Parteien im Zivilprozess dürfen jederzeit Einsicht in die Prozessakte des laufenden Verfahrens nehmen. Das berechtigt sie laut dem OLG Stuttgart auch dazu, sich die vorläufige Aufzeichnung des Protokolls der mündlichen Verhandlung anzuhören.

12.05.2021Rechtsprechung

Das Oberlandesgericht (OLG) Stuttgart schließt sich mit seinem Beschluss vom 8. April 2021 (Az. 10 W 11/21) der wohl herrschenden Meinung in Rechtsprechung und Literatur an: Während eines laufenden Zivilverfahrens können die Parteien jederzeit die Prozessakten einsehen (§ 299 Abs. 1 Zivilprozessordnung, ZPO). Damit können sie, das stellt das OLG Stuttgart klar, sich auch die sog. vorläufige Aufzeichnung der vom Gericht gem. § 160a Abs. 1 ZPO protokollierten mündlichen Verhandlung anhören. Irgendwelcher weiteren Voraussetzungen bedarf es dafür nicht, so die Stuttgarter Richter, die mit dem Beschluss einer Klägerin gestatteten, sich die Tonträgeraufzeichnung auf der Geschäftsstelle der Kammer anzuhören. Sie hatte moniert, im schriftlichen Protokoll sei etwas falsch festgehalten worden und wollte dieses berichtigen lassen.

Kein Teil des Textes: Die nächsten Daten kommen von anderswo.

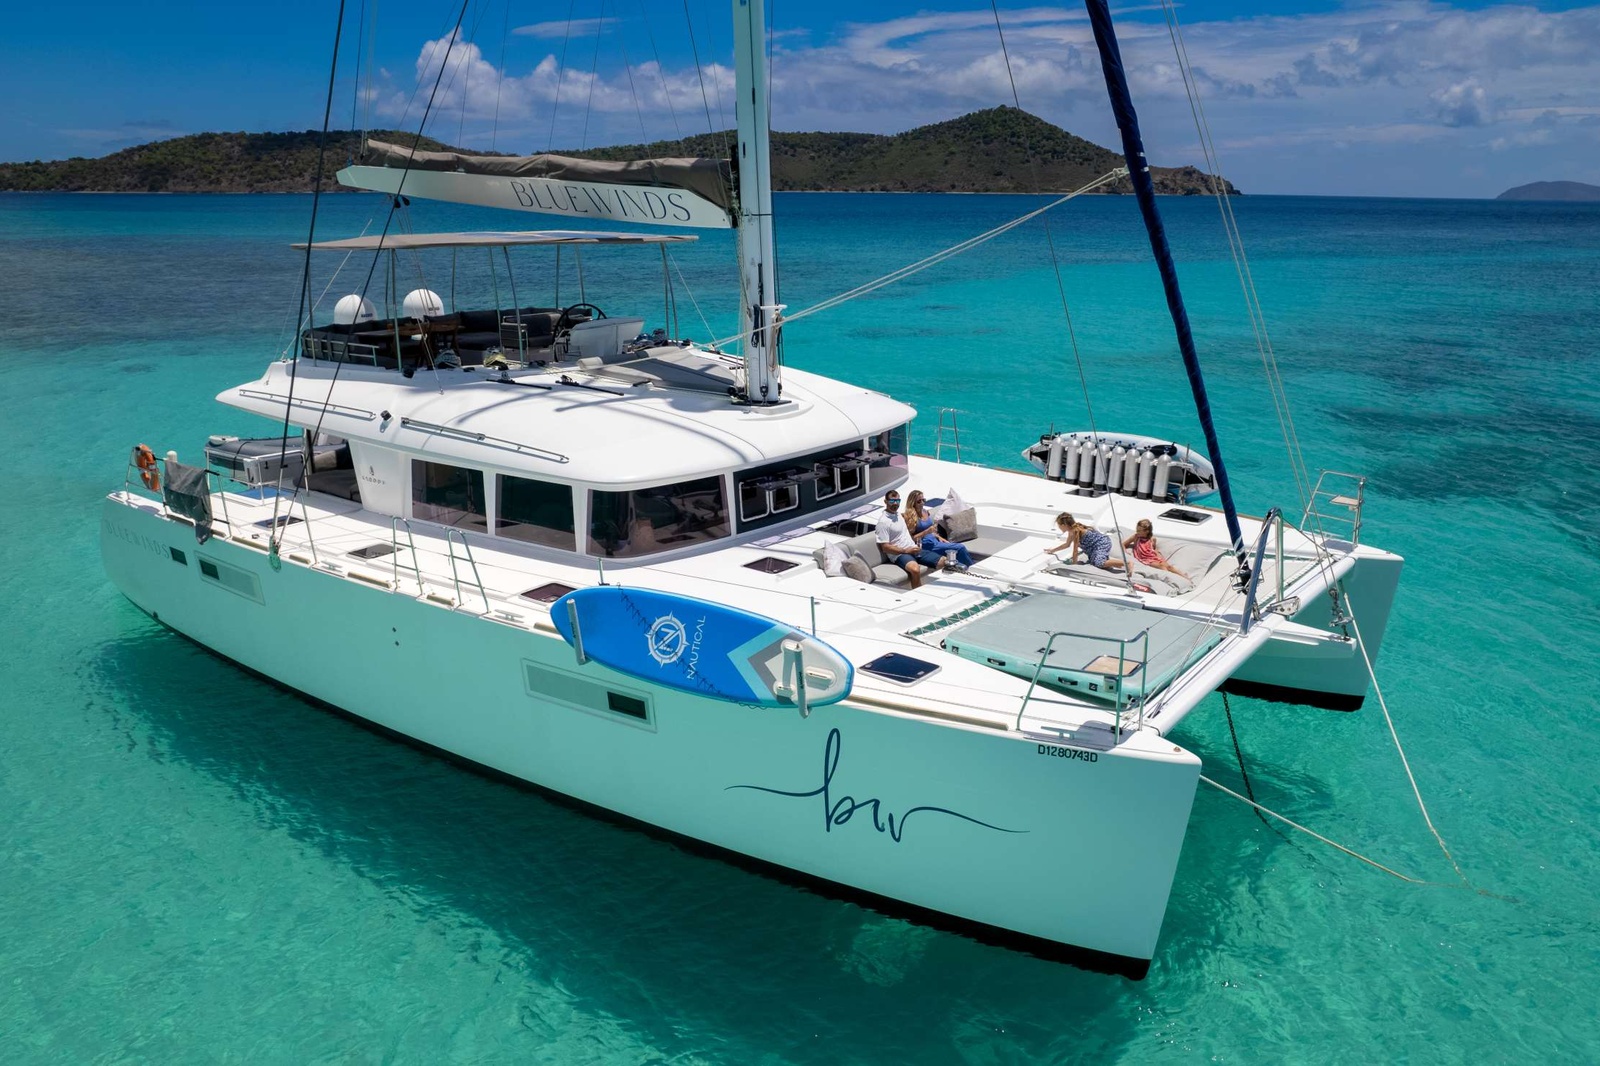 Bluewinds is the perfect platform for experiencing the majesty of the Caribbean! An ongoing 2022/23 refit brings all new interior and exterior decor, new generators, water maker, tender and a

Anders als das OLG Frankfurt a.M. (Urt. v. 14.10.2016, Az. 10 U 64/16) halten die Stuttgarter Richter es nicht für nötig, dass die Partei ein besonderes berechtigtes Interesse darlegen müsste, sich die Aufzeichnung anzuhören. Die vorläufige Aufzeichnung sei vielmehr Bestandteil der Akte, in welche die Parteien Einsicht nehmen können. Das Einsichtsrecht der Parteien diene deren Prozessführung und bestehe so lange, bis das betreffende Verfahren endgültig abgeschlossen ist (BGH, Beschl. v. 29.04.2015, Az. XII ZB 214/14).

Die Revision hat das OLG Stuttgart trotz Abweichung von der Rechtsprechung der Frankfurter Kollegen nicht zugelassen. Denn auch das dort geforderte besondere Interesse hätte die Klägerin hinreichend dargelegt. Diese hatte vorgetragen, ihr Prozessbevollmächtigter habe entgegen dem schriftlichen Protokoll im Termin nicht erklärt, vom Urkundsprozess Abstand zu nehmen, sodass eine Protokollberichtigung notwendig werde.